Buying a stock is like buying everything else. If it sells for a very low price, there is unlikely to be a long consideration or a long look at other alternatives before buying the stock. When the prices of the item is high, people will naturally want to consider other alternatives and see if there are cheaper items to be had for the same or roughly the same items. So when you buy a stock, do you look at alternatives and consider them first before plunging in to buy it?

Do your homework. When you are going to spend more than $1000 buying a stock, you need to seriously do some research and read up on the company before you invest. So what do you look at? The simple way to do so is to look at ratios of the company that gives you a picture of how the company is doing and what it finances are like. Is it on the way to bankruptcy? Have they been buying up a lot of assets like machinery in preparation for a large bulk order? So it will be reflected in the financial ratios of the company. The screenshot is from a online securities website where you can do basic research and define the ratios of the companies that you are looking for. So it is up to you if you want to set a high P/E ratio or a low one.
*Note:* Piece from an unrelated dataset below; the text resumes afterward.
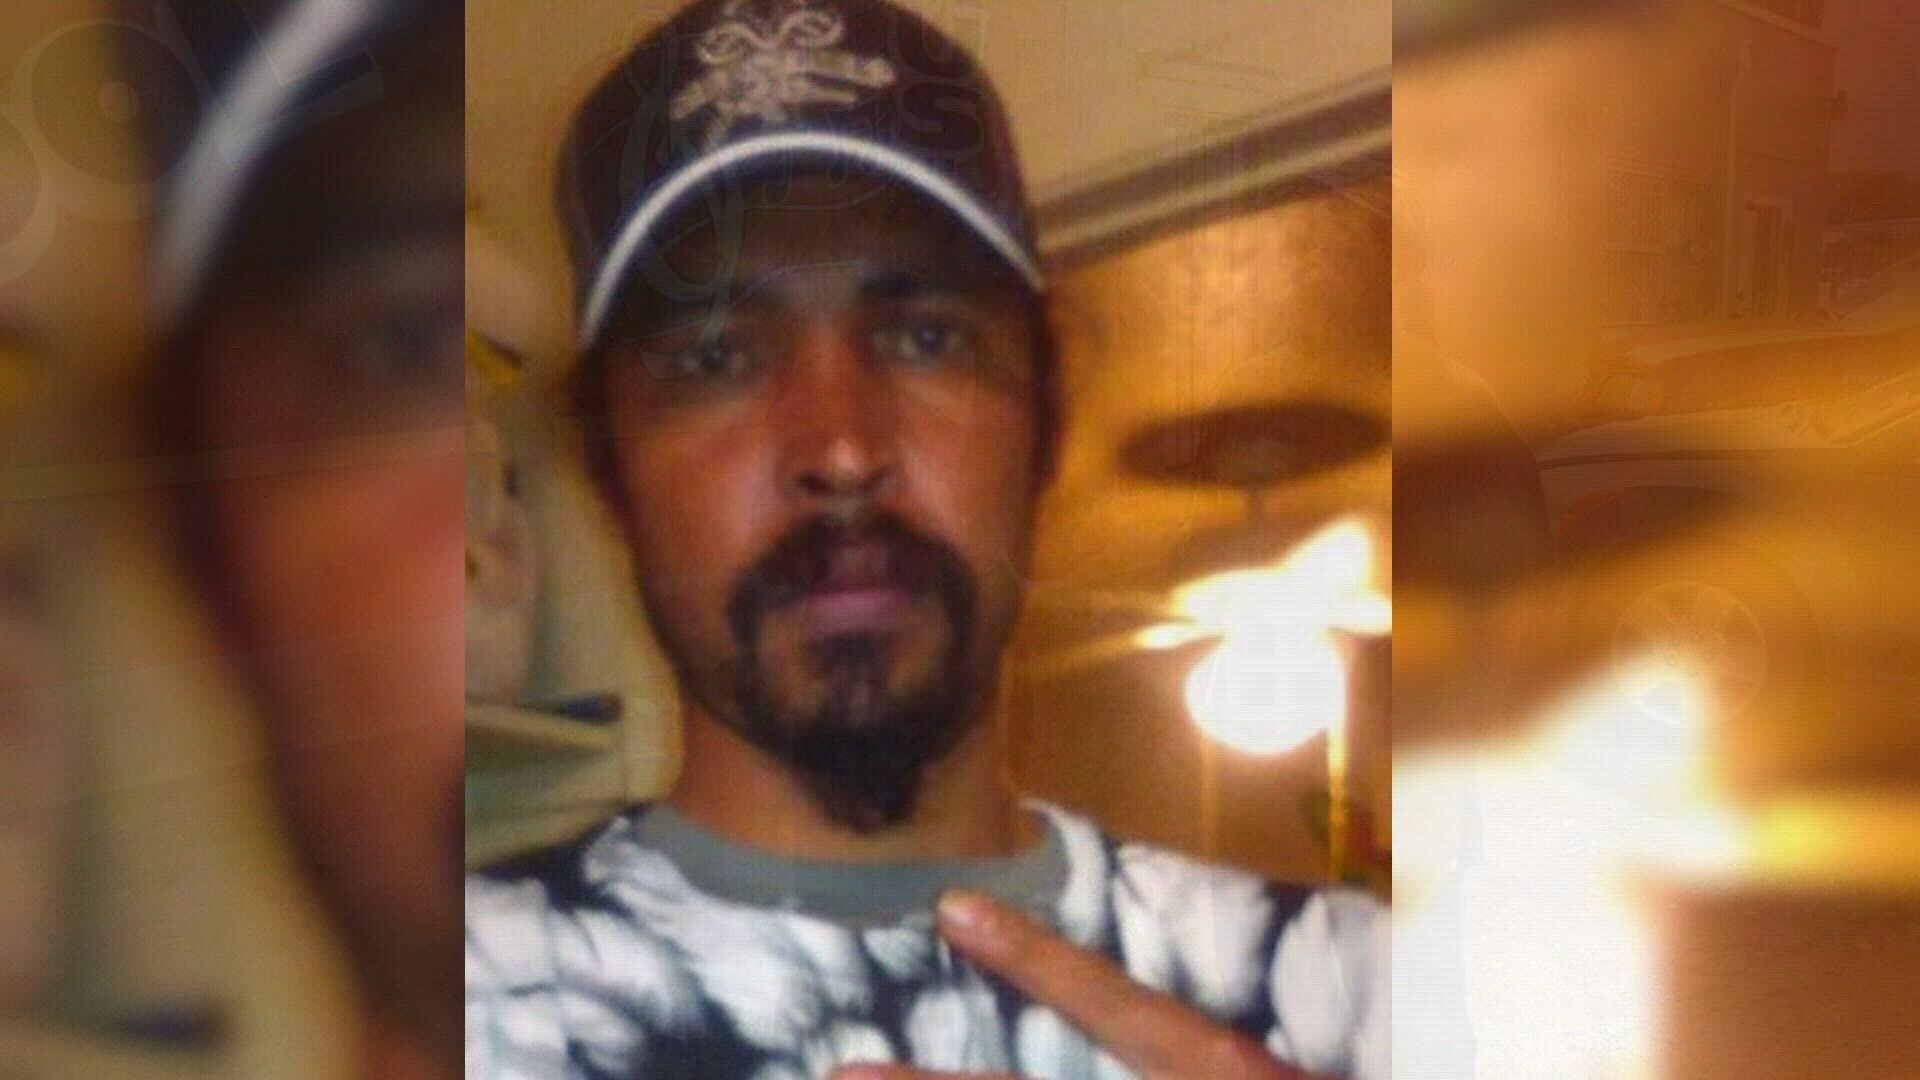 Santos Bonilla was killed outside of El Rincon bar on Ayers Street last November.

In future, I will go through some of the ratios and explain the rationale behind them, but this is only a brief overview of what a novice investor can do to make sure that they don't just blindly invest based on stockbrokers' or analysts' recommendations.

Look at the big picture. Warren Buffet does not look at the macroeconomic indicators as he feels that it is hard to predict and understand. So this is contrary to what the legendary investor recommends. I think it is important to take a look and see where the interest rates of the countries you are investing are like, also to look at commodities and oil prices as they indicate to you whether the companies are stocking up raw materials to produce more goods and services and how the markets trends are likely to go. The sub-prime market is a good lesson, if you have been looking and been amongst the first to realise what the rising number of defaults in the sub-prime loans indicates, you could have benefited from selling off your stock holdings earlier. Inflation figures, consumption index and unemployment figures are also useful indicators to look at to get a feel of how the markets may be moving.

Using a dummy portfolio. For first time investor, it could be good to write down what you would have bought after doing the homework on the company that you are interested in investing and understanding the environment in which you are making this investment. Track your make believe portfolio to see if you had made money on your investments for a relatively short period of say 3 months to 6 months. You can try to do a few portfolio, holding different types of stocks and holding for different periods of time, some for the whole 6 months and some you 'trade' more often. In the end of this exercise, you will be able to crystalize your thoughts about what sort of investment strategies are best suited for you and at the same time minimise any mistakes that you could have made by investing straight away without any outside help. After this little exercise, you should have some useful ideas what basket of stocks to buy. And it will be the time to plunge in.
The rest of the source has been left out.